3.    Pakaian Melayu Perempuan

jenis pakaian melayu Pada kaum perempuan  yaitu:

a.    Bayi perempuan sama pakaiannya dengan bayi laki-laki

b.    Kanak-kanak perempuan menggunakan kain sarung dengan baju pendek tanpa selendang

c.    Pakaian pada  perempuan dewasa yaitu :

·      Baju kurung, yang terdiri atas kain, baju dan selendang. Panjang atau kedalaman baju agak diatas lutut. Ada juga baju kurung untuk sehari-hari dirumah yang kedalamannya sepinggang atau sedikit dibawah pinggang. Selendang dipakai dengan lepas di bahu dan biasanya tak melingkar dileher pemakai .bentuk baju berlengan panjang dan ukuran badan longgar, tidak boleh ketat. Bahannya bervariasi: polos, berbunga-bunga, dan lain-lain.

·      Baju kebaya labuh, yang terdiri dari kain, baju, dan selendang. Panjang lengan baju kira-kira dua jari dari pergelangan tangan sehingga gelang yang dikenakan perempuan kelihatan dan lebar lengan baju kira-kira tiga jari dari permukaan lengan. Kedalaman bervariasi dari sampai betis atau sedikit keatas.

4.    Simbol Dalam Pakaian Melayu

Bagi orang Melayu, pakaian selain berfungsi sebagai penutup aurat dan pelindung tubuh dari panas dan dingin, juga menyerlahkan lambang-lambang. Lambang-lambang itu mewujudkan nilai-nilai terala (luhur) yang dijunjung tinggi oleh masyarakatnya.

Di dalam ungkapan disebutkan bahwa “pakaian Melayu dari ujung kaki sampai ke ujung rambut ada makna dan gunanya. ”Semuanya dikaitkan dengan norma sosial, agama, dan adat-istiadat sehingga pakaian berkembang dengan makna yang beraneka ragam.
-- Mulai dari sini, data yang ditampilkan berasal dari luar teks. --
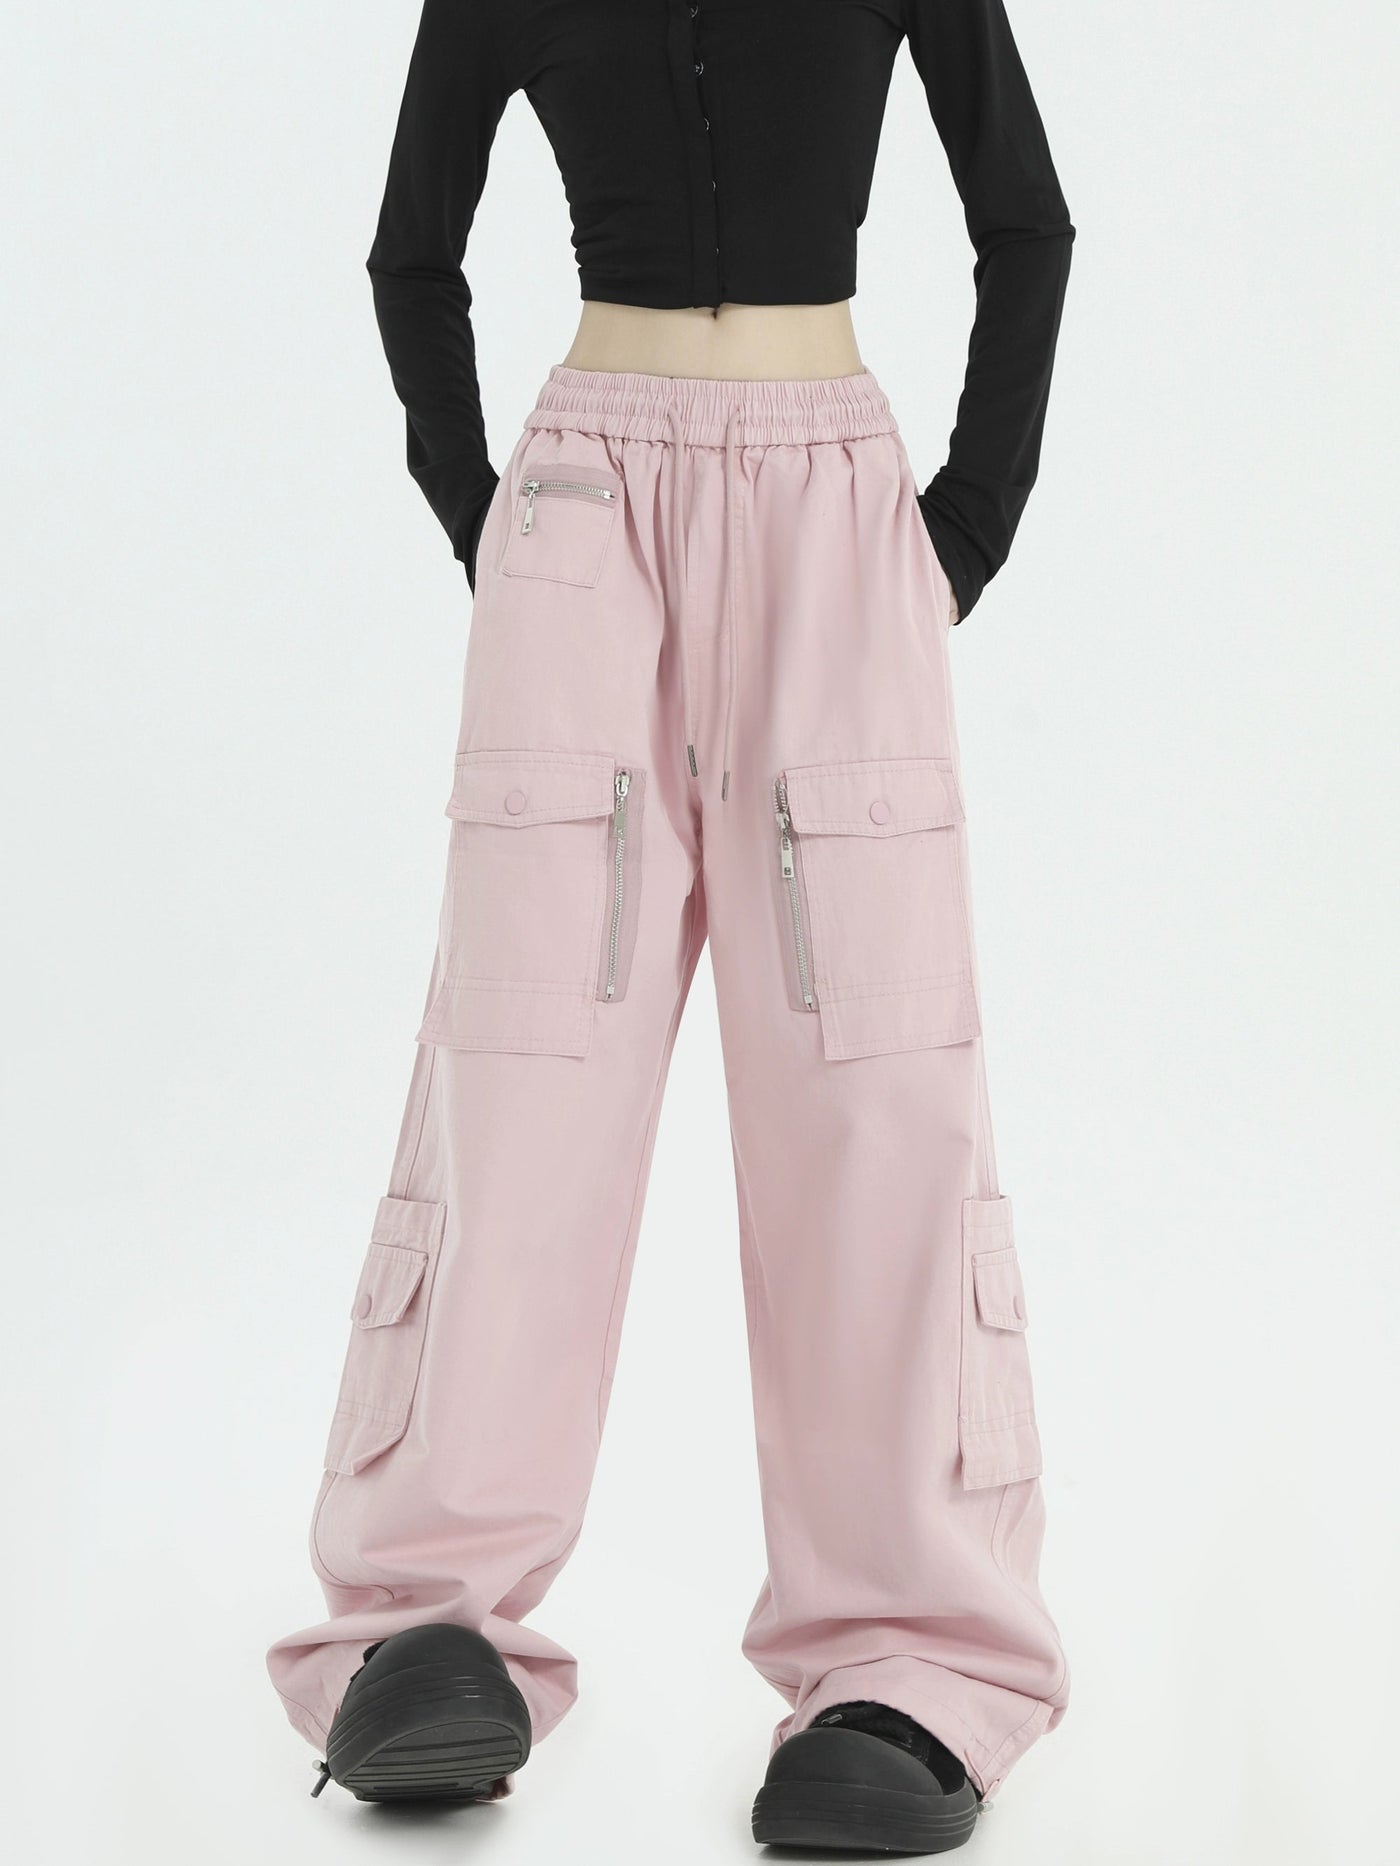 Multi-Zip and Pockets Track Pants Korean Street Fashion Pants By INS Korea Shop Online at OH Vault

Setiap simbol mengandung makna tertentu “ada benda ada maknanya, ada cara ada artinya, dan ada letak ada sifatnya”.[1][6]Begitu pula dalam pakaian melayu yang memiliki simbol dalam pakaian yang dikenakan orang melayu.

a.    Motif

Dilihat dari carak atau motifnya pakaian melayu memiliki simbol dan makna tertentu:

·         Corak semut beriring. Corak ini dikaitkan dengan makna yang mengacu pada sifat kerukunan dan gotong royong.

·         Corak itik pulang. Corak ini dikaitkan dengan dengan kerukunan dan persatuan, tidak terpecah belah.

·         Corak naga berjuang. Corak ini dihubungkan dengan legenda tentang tentang naga sebagai penguasa lautan, gagah berani, dan pejuang.

·         Corak bunga-bunga. corak ini dikaitkan dengan keindahan, kecantikan, dan kesucian.

b.    Warna

Simbol dalam bentuk warna mengatur hal-hal berikut:

·         Kuning. Digunakan untuk raja-raja dan bangsawan sebagai lambang kekuasaan

·         Merah. Digunakan untuk masyarakat secara umum sebagai lambang kerakyatan.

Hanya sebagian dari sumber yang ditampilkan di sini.